Datenzugriffsrechte der Finanzverwaltung

Die Finanzverwaltung hat das Recht auf einen digitalen Datenzugriff, § 147 Abs. 6 AO. Der Unternehmer muss der Finanzverwaltung entweder den unmittelbaren Datenzugriff auf das genutzte Gerät gewähren oder die Daten auf einem Datenträger zur Verfügung stellen. Das gilt auch für Daten, die im Rechenzentrum eines Dritten gespeichert werden. Die Kosten für das Überspielen der steuerrelevanten Daten auf einen externen Datenträger trägt der Steuerpflichtige.

Gesetz zum Schutz vor Manipulationen an digitalen Grundaufzeichnungen

Zum Schutz vor Manipulation an digitalen Grundaufzeichnungen wurde das gleichlautende Gesetz vom 29.12.2016 (BStBl 2017 I S. 21) erlassen. Durch das Gesetz sind die §§ 146a, 146b AO neu hinzugekommen, die weitere Anforderungen an die Unternehmer hinsichtlich der Kassenaufzeichnungen stellen. Das Merkblatt der OFD Karlsruhe enthält tabellarisch die gesetzlichen Änderungen in zeitlicher Abfolge.

Welche Aufzeichnungssysteme über welche (zertifizierten technischen) Sicherheitseinrichtungen verfügen müssen, wurde in der Kassensicherungsverordnung (KassenSichV) festgelegt. Die technischen Sicherheitseinrichtungen sind ab dem 1.1.2020 verpflichtend von den Unternehmen einzusetzen. Sollte der Unternehmer eine Registrierkasse benutzen, die nach dem 25.11.2010 und vor dem 1.1.2020 angeschafft wurde und nicht mit einer Sicherheitseinrichtung aufrüstbar ist, darf die Kasse bis längstens 31.12.2022 genutzt werden. Voraussetzung ist und bleibt, dass es sich um eine Kasse im Sinne des BMF-Schreibens vom 26.11.2010 handeln muss.

Praxis-Tipp: Für beabsichtigte Anschaffung einer Registrierkasse den Investitionsabzugsbetrag bilden

Sollte der Unternehmer beabsichtigen, sich in den nächsten drei Jahren eine neue Kasse anzuschaffen, kann er im aktuellen Jahr in Höhe von 40 % der voraussichtlichen Anschaffungskosten einen Investitionsabzugsbetrag (IAB) gewinnmindernd bilden. Die Gewinnminderung führt zu einer geringeren Steuerbelastung, wodurch die Einsparung für die Anschaffung der Kasse zurückgelegt werden kann. Es sind die Voraussetzungen des § 7g Abs. 1 EStG zu erfüllen.

Nicht vergessen:

Sollte die Investition spätestens im dritten Jahr nach der Bildung des IAB tatsächlich nicht vorgenommen worden sein, erfolgt eine rückwirkende Gewinnerhöhung im Jahr der Bildung. Wird der IAB im Jahr der ursprünglichen Bildung mangels Anschaffung wieder aufgelöst, wird die Nachzahlung nach Ablauf von 15 Monaten nach dem Ende des Bildungsjahres mit 0,5 % pro Monat verzinst.

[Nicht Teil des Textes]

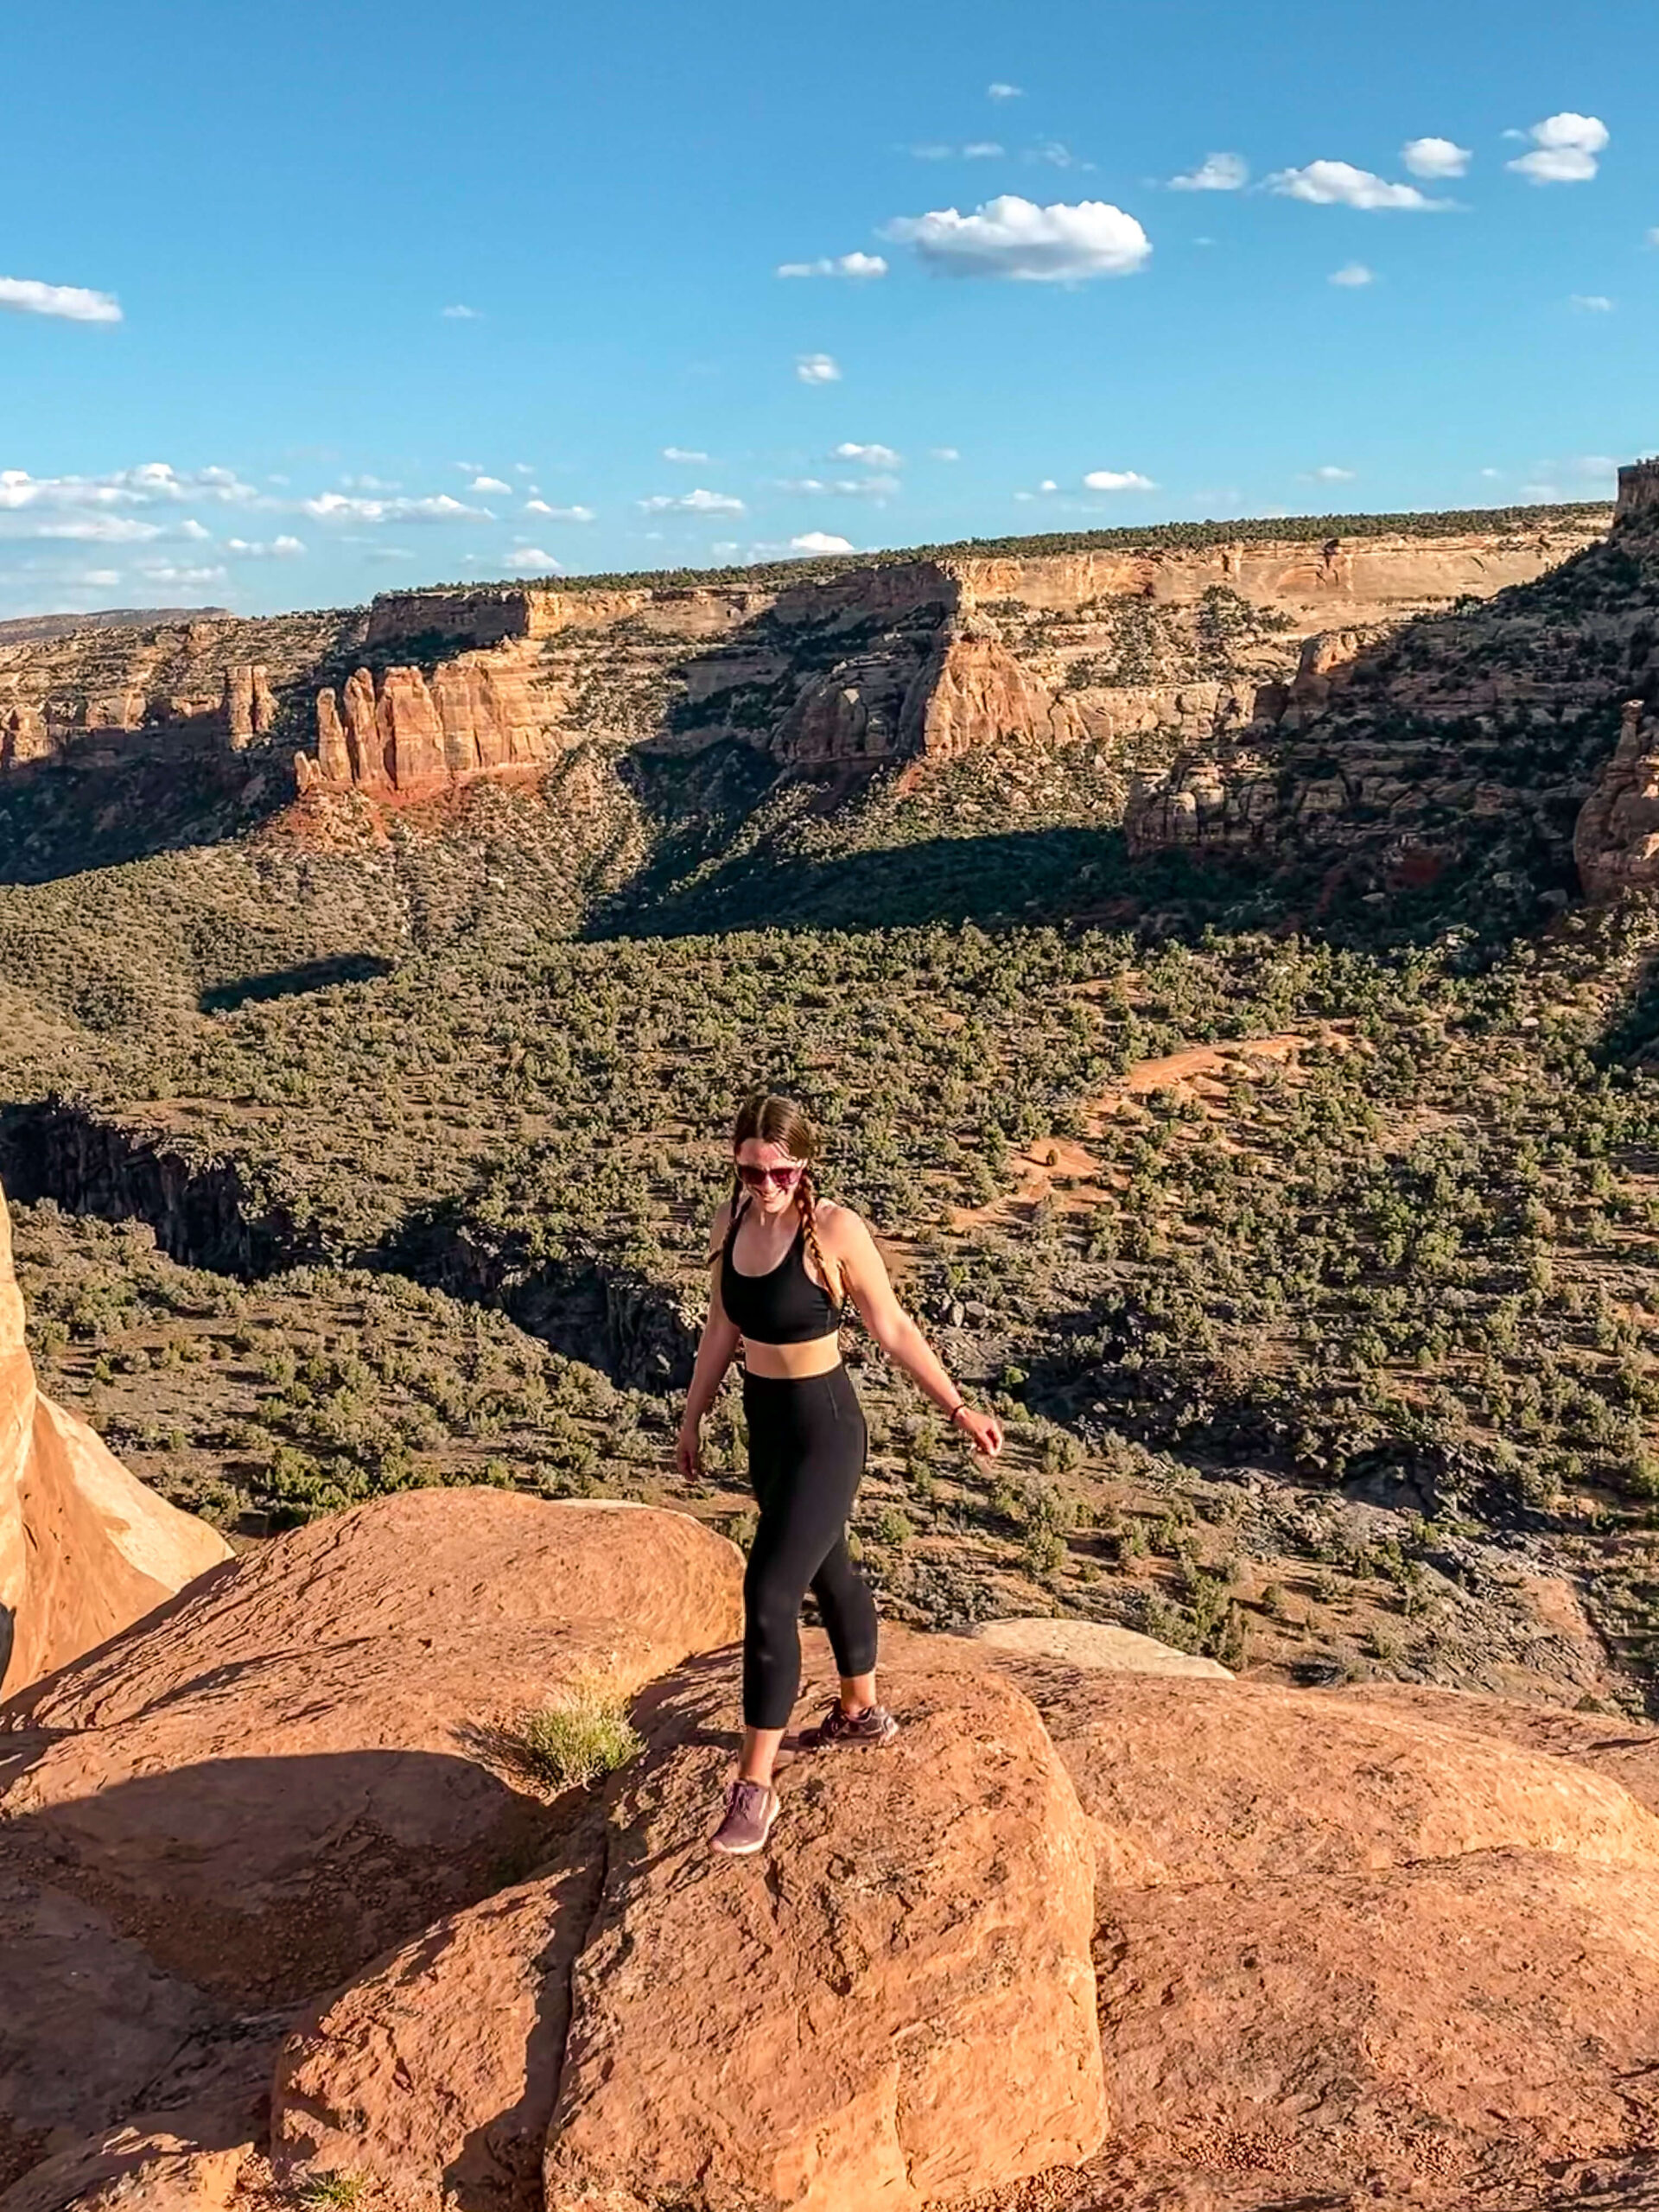 Woman wearing a black sports bra and leggings stands on a sandstone rock overlooking Ute Canyon in Colorado National Monument.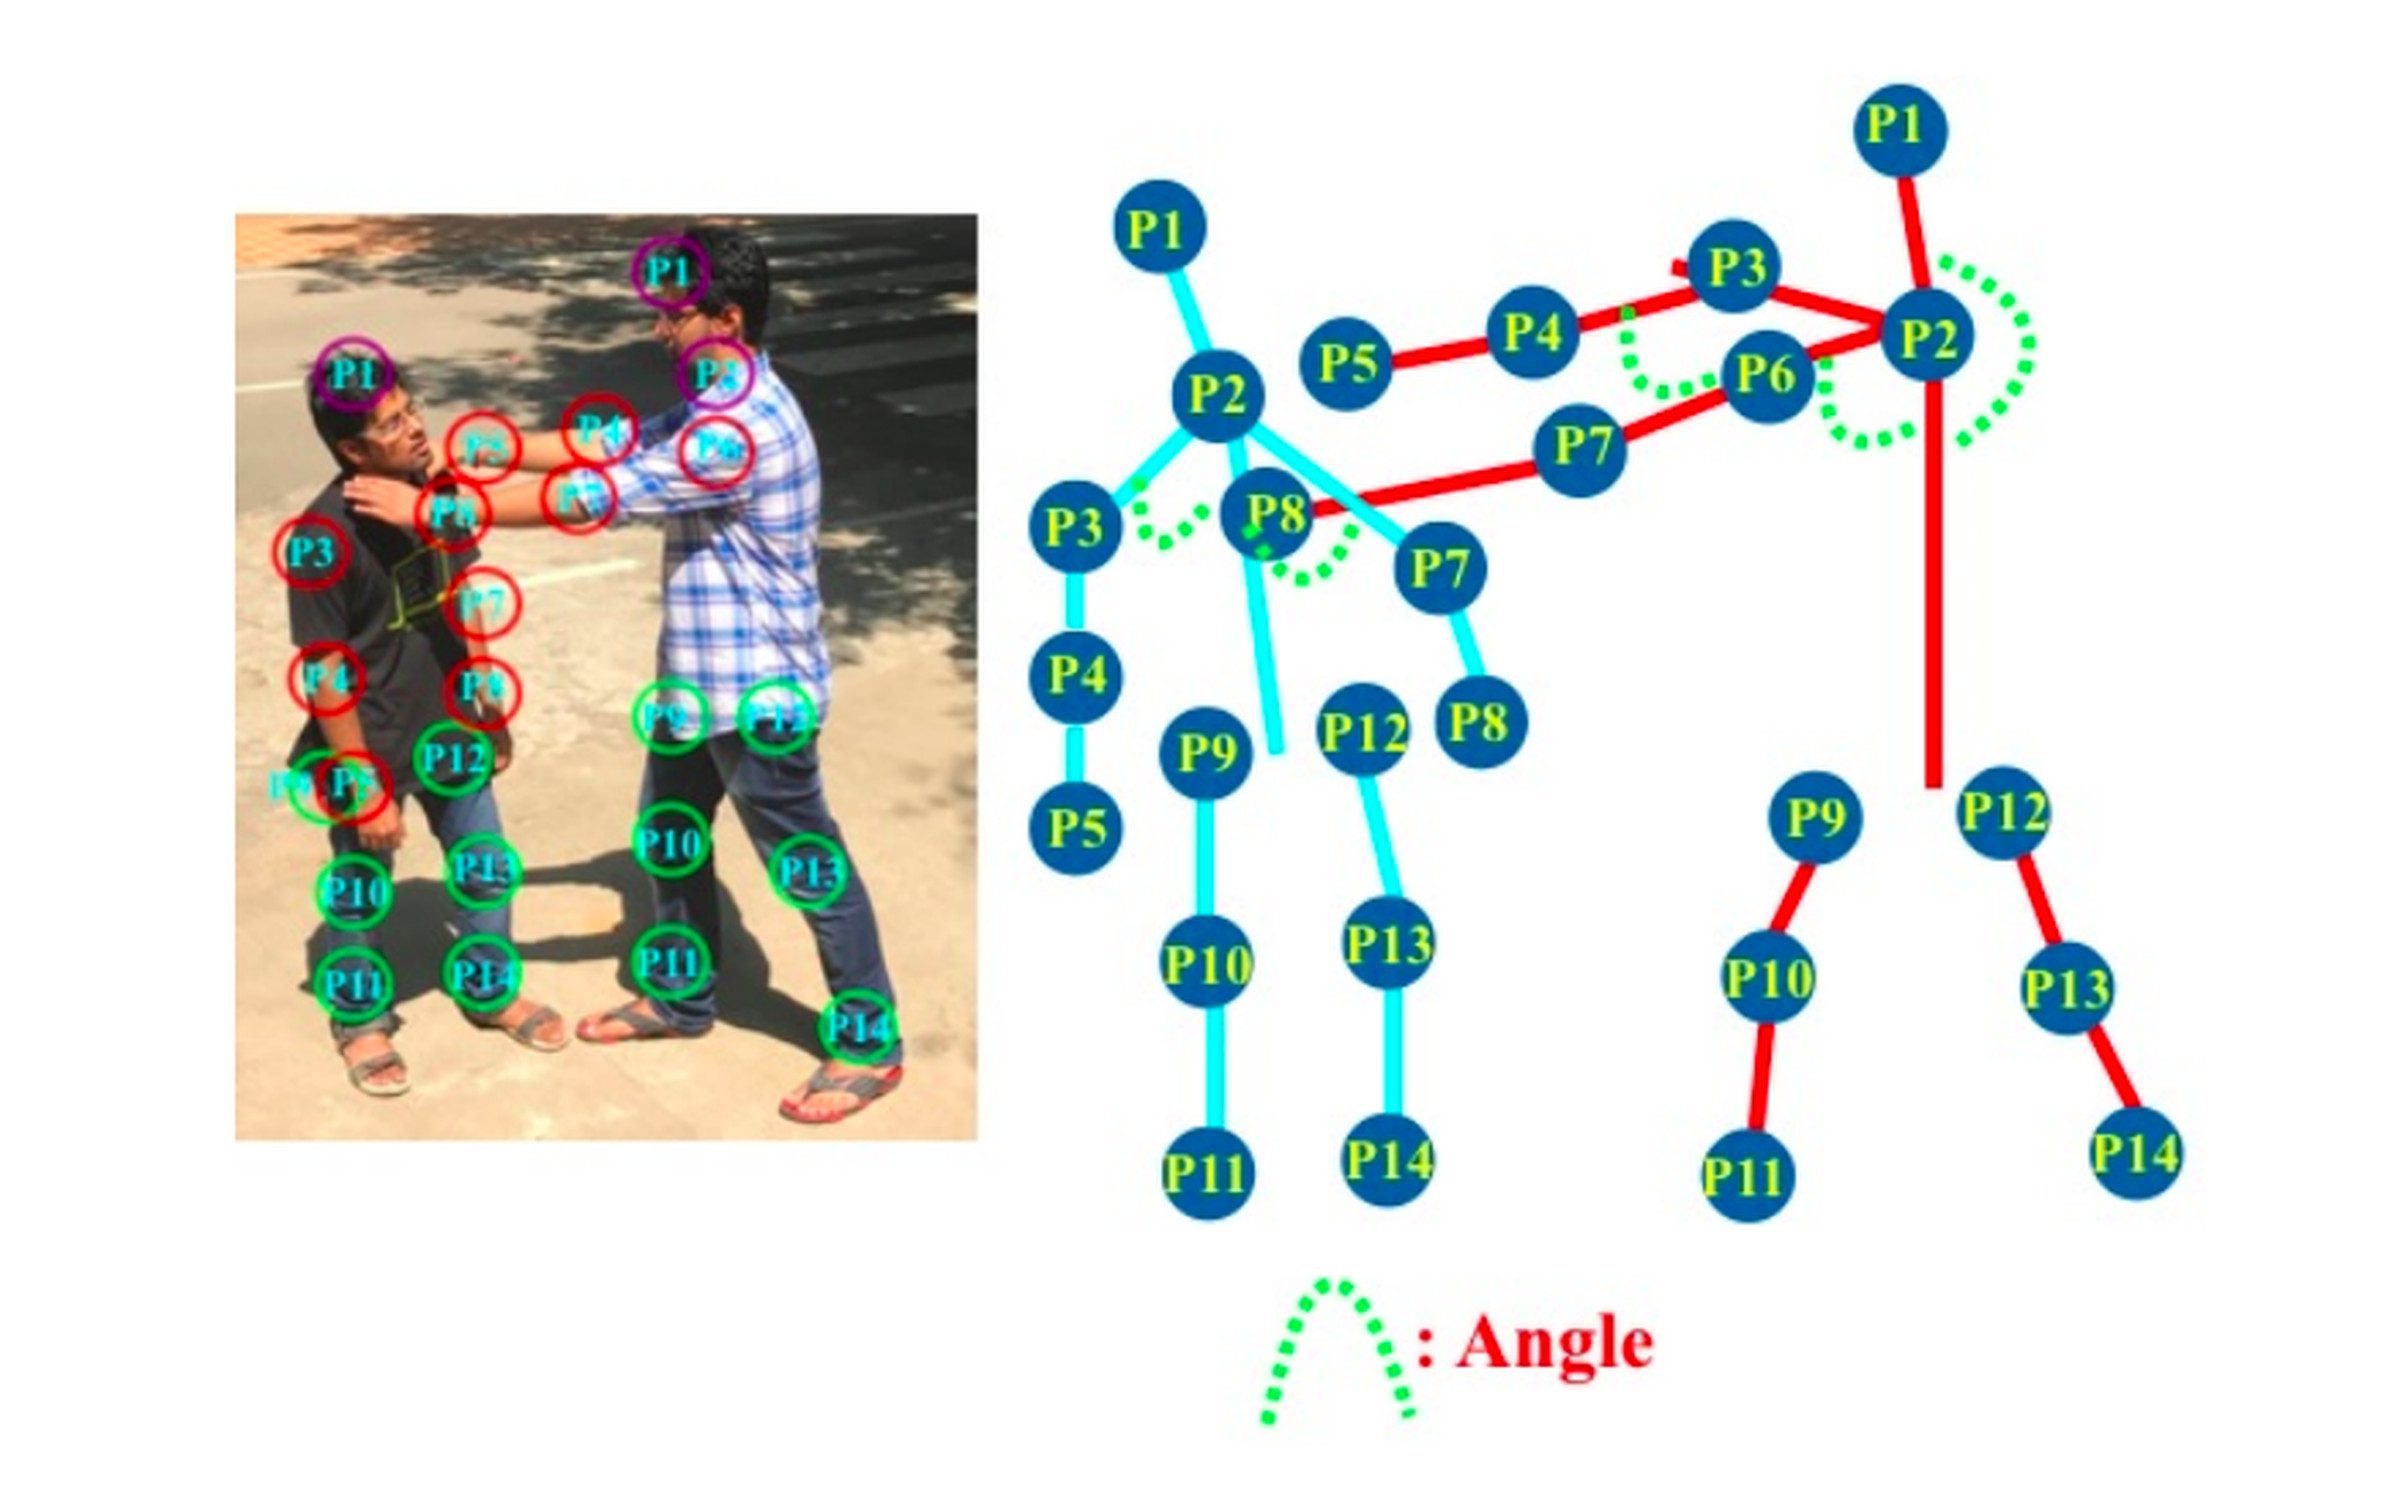 A figure from the paper showing how the software analyzes individuals poses and matches them to “violent” postures.

Kassennachschau und Mängel an der Kassenführung

Seit dem 1.1.2018 wurde der Finanzverwaltung mit der Kassen-Nachschau nach § 146b AO ein neues Kontrollinstrument an die Hand gegeben. Im Rahmen der Kassen-Nachschau wird die Ordnungsmäßigkeit der Kassenaufzeichnungen überprüft.

Wird seitens der Finanzverwaltung festgestellt, dass die Kassenführung nicht ordnungsgemäß ist, kann das dazu führen, dass die gesamte Buchhaltung als nicht ordnungsgemäß verworfen wird.